▶ [Given entries]:
============================================================
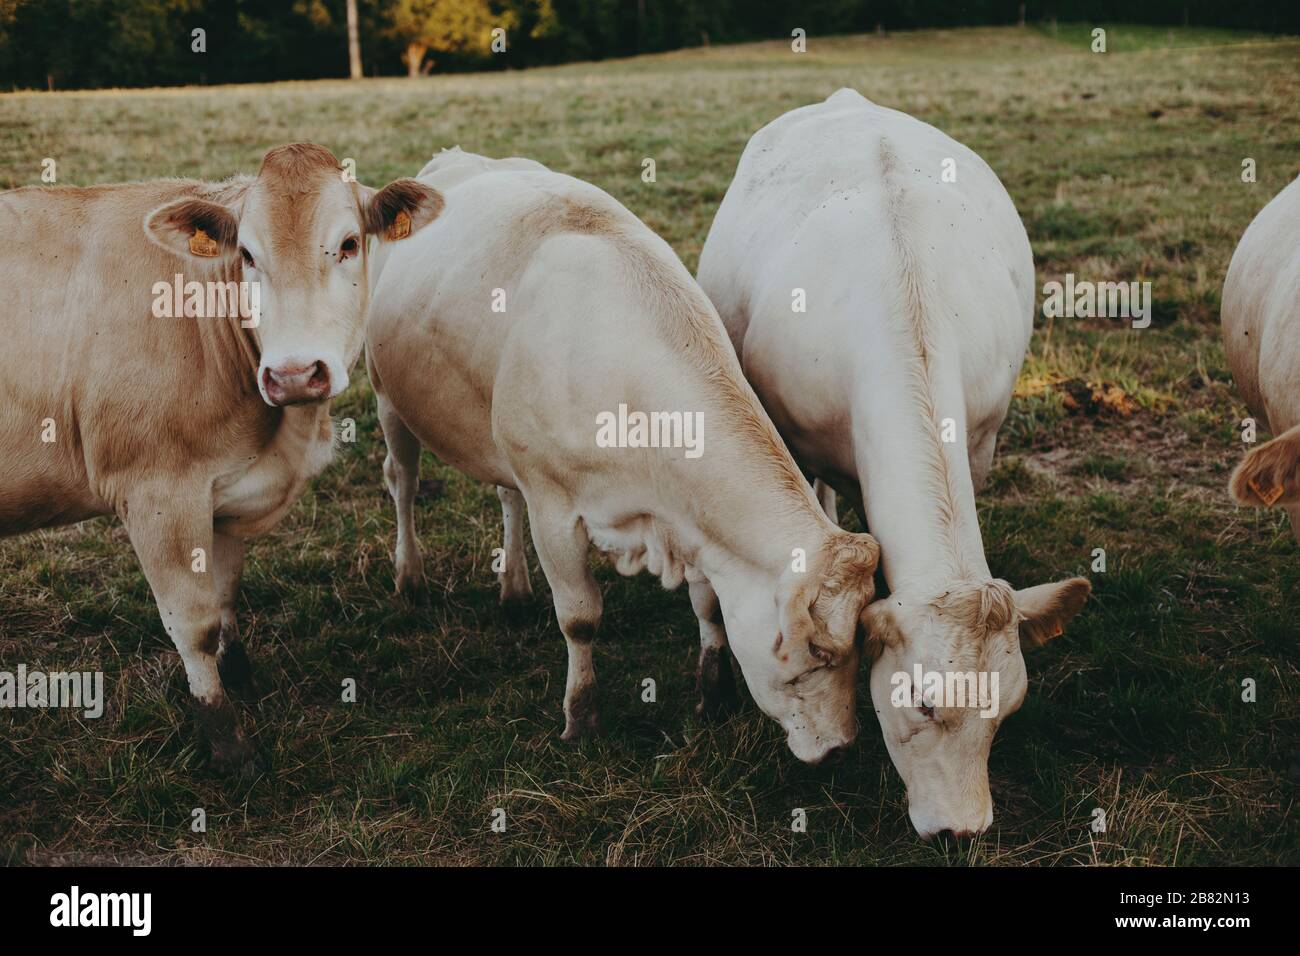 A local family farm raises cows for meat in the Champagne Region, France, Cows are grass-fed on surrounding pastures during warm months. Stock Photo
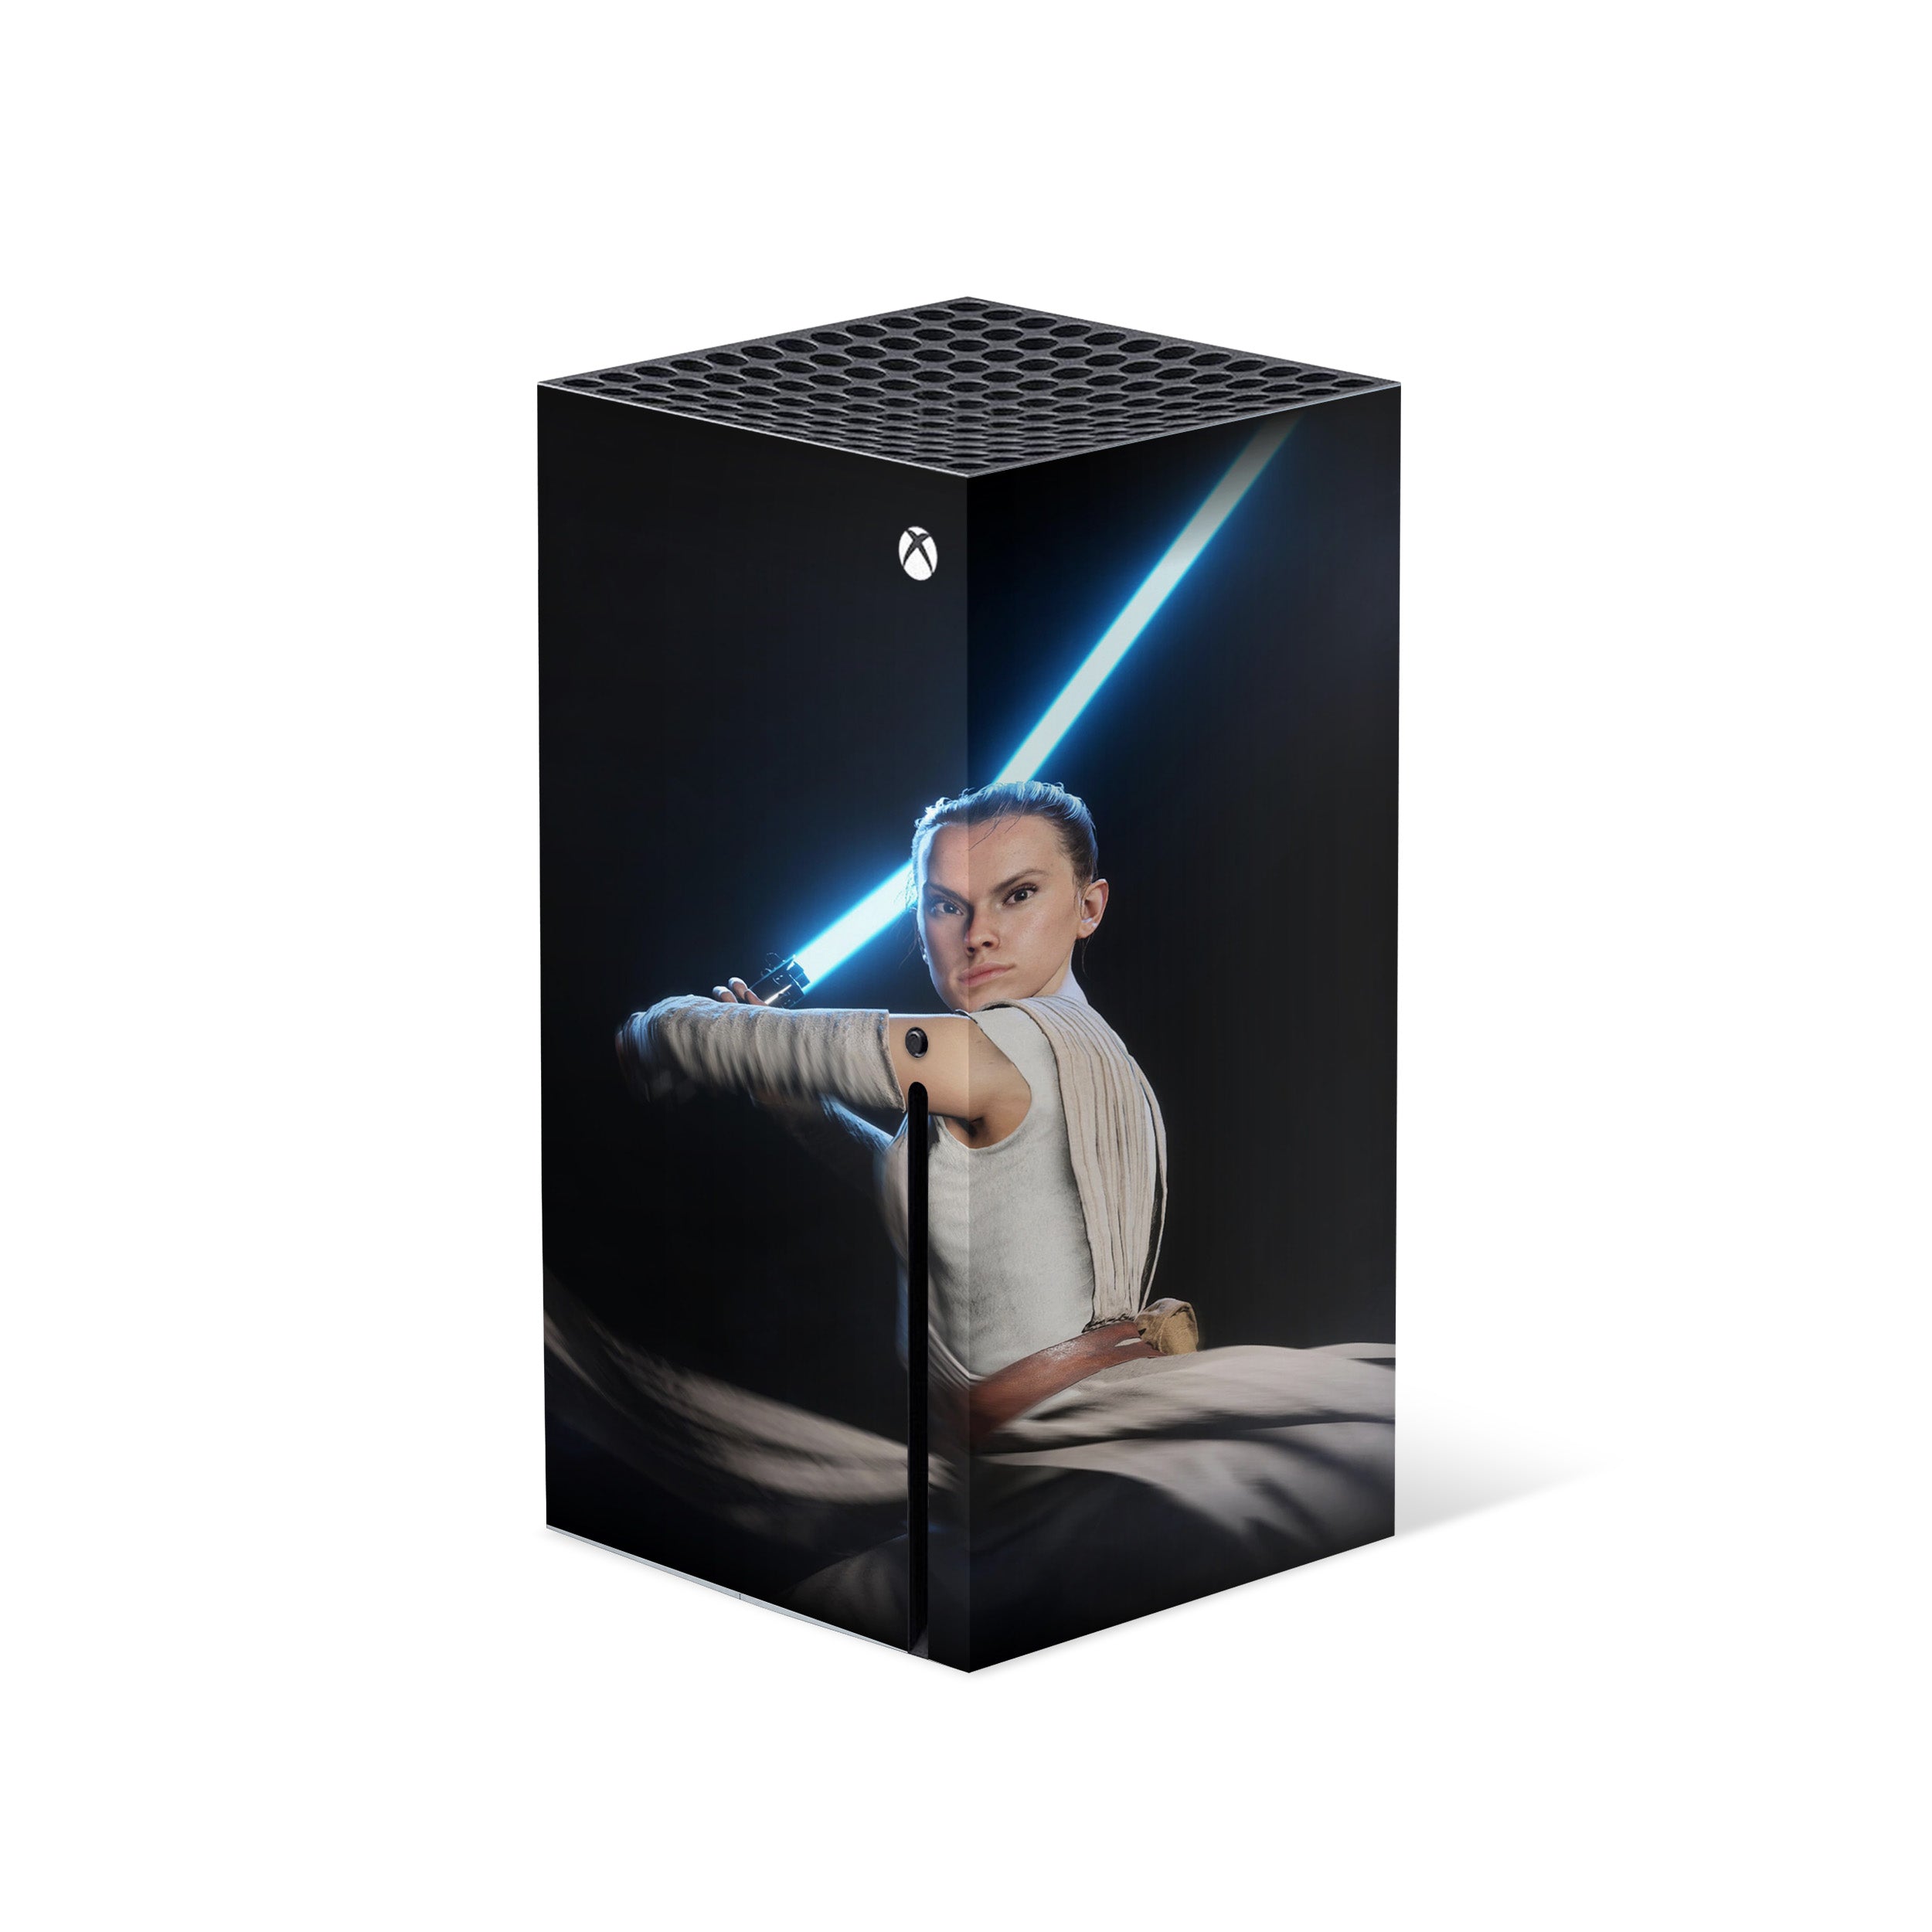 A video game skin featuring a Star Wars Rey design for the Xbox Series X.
============================================================
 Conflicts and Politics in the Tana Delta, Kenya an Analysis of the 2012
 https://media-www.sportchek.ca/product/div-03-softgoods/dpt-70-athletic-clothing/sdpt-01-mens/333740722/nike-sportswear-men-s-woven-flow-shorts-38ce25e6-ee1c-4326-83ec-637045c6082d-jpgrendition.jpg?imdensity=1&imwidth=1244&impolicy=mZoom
============================================================
▶ [What the task asks]: Beginning at the line above that contains "A local family" and going on through the line that contains "A video game", please copy every line exactly, leaving the pictures out and adding nothing.

▶ [Answer to this task]:
 A local family farm raises cows for meat in the Champagne Region, France, Cows are grass-fed on surrounding pastures during warm months. Stock Photo
 A video game skin featuring a Star Wars Rey design for the Xbox Series X.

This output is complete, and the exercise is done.